Zu den Lichtblicken des „literarischen Kommentars“ zählen auch die systematischen Darlegungen der früheren Bundesverfassungsrichter Udo Di Fabio („Politische Parteien“, Artikel 21 GG) und Andreas Voßkuhle („Die Rechtsprechung“, Artikel 92 bis 104 GG). Eine befremdliche Polemik Di Fabios wie die Kennzeichnung Donald Trumps als „komplett ungeeignet, ja gefährlich“ und seiner Republikaner als „paralysiert, deformiert“ ändert daran wenig.   

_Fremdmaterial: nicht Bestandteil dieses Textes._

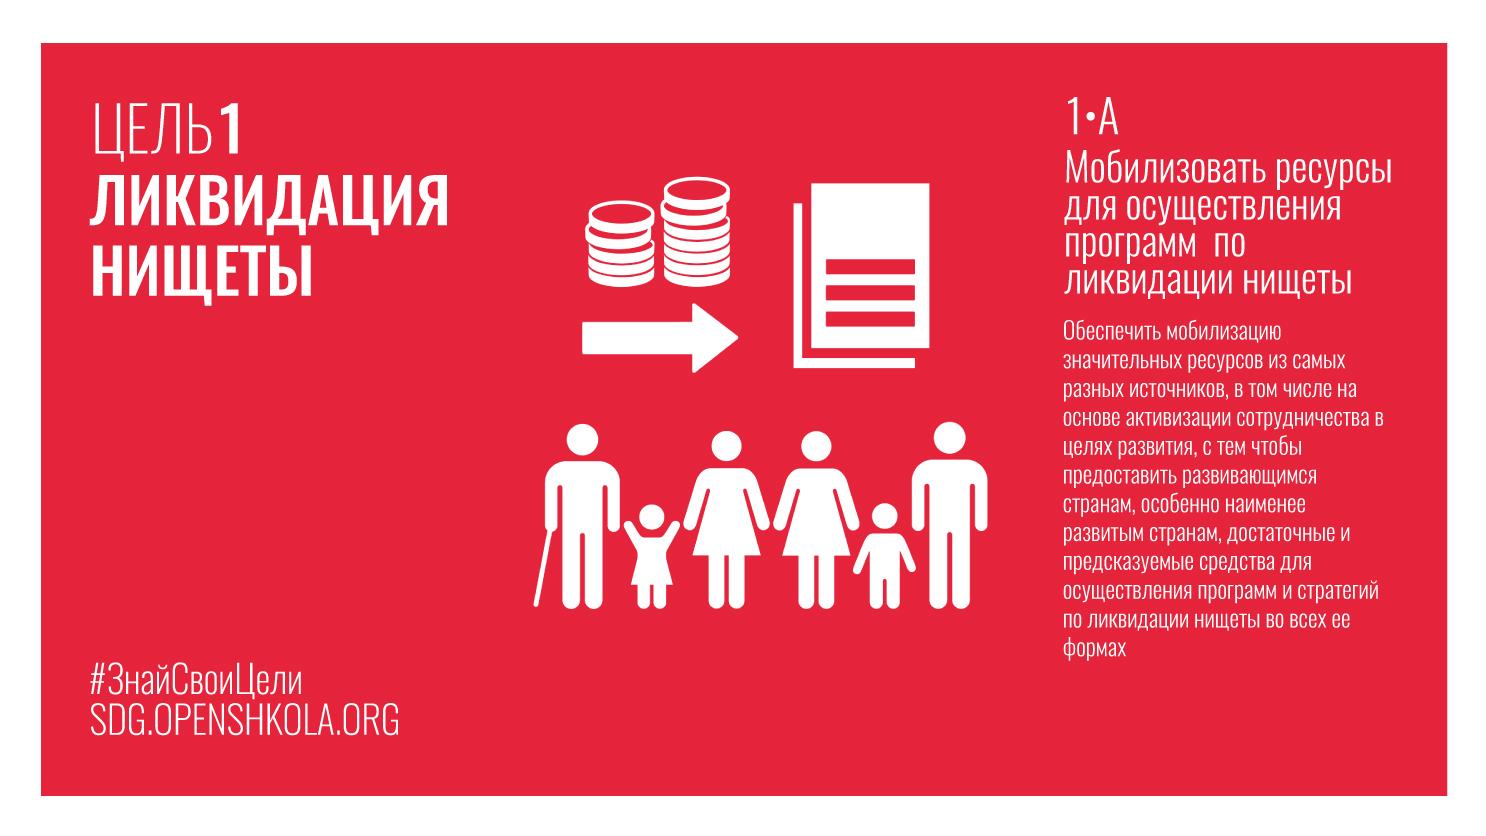 Картинки по запросу ЦУР1 Бедностьи нищета

Dazu gesellt sich die profunde Kritik des Staatsrechtlers und Politikwissenschaftlers Florian Meinel am bürokratisch peniblen, die strukturelle Offenheit eines Verfassungstextes sprengenden Artikel 23 GG („Europäische Union“). Ungeachtet ihrer Sehnsucht, „in Europa aufzugehen“, bleibe die Bundesrepublik dennoch: „Deutschland. Mit seinen Bekenntnissen zum Universalismus (…) und seinem gebrochenen Verhältnis zur eigenen Vergangenheit, seinem seltsamen Föderalismus (...) und seinem Verdacht gegen die Mehrheitsherrschaft, mit seinen Träumereien von echter Demokratie und dritten Wegen zwischen Ost und West, zwischen Kapitalismus und Sozialismus.“

Am Ende bleiben immer noch Fragen: Was genau meint „literarisch“? Warum spielen zentrale Verfassungsthesen, etwa zu den Grundrechten als Abwehrrechten des Bürgers gegen die Staatsgewalt (Artikel 1 Absatz 3 GG), eine eher untergeordnete Rolle? Welche Leserschaft soll dieser methodisch und inhaltlich disparate Kommentar ohne Sach- und Personenregister ansprechen?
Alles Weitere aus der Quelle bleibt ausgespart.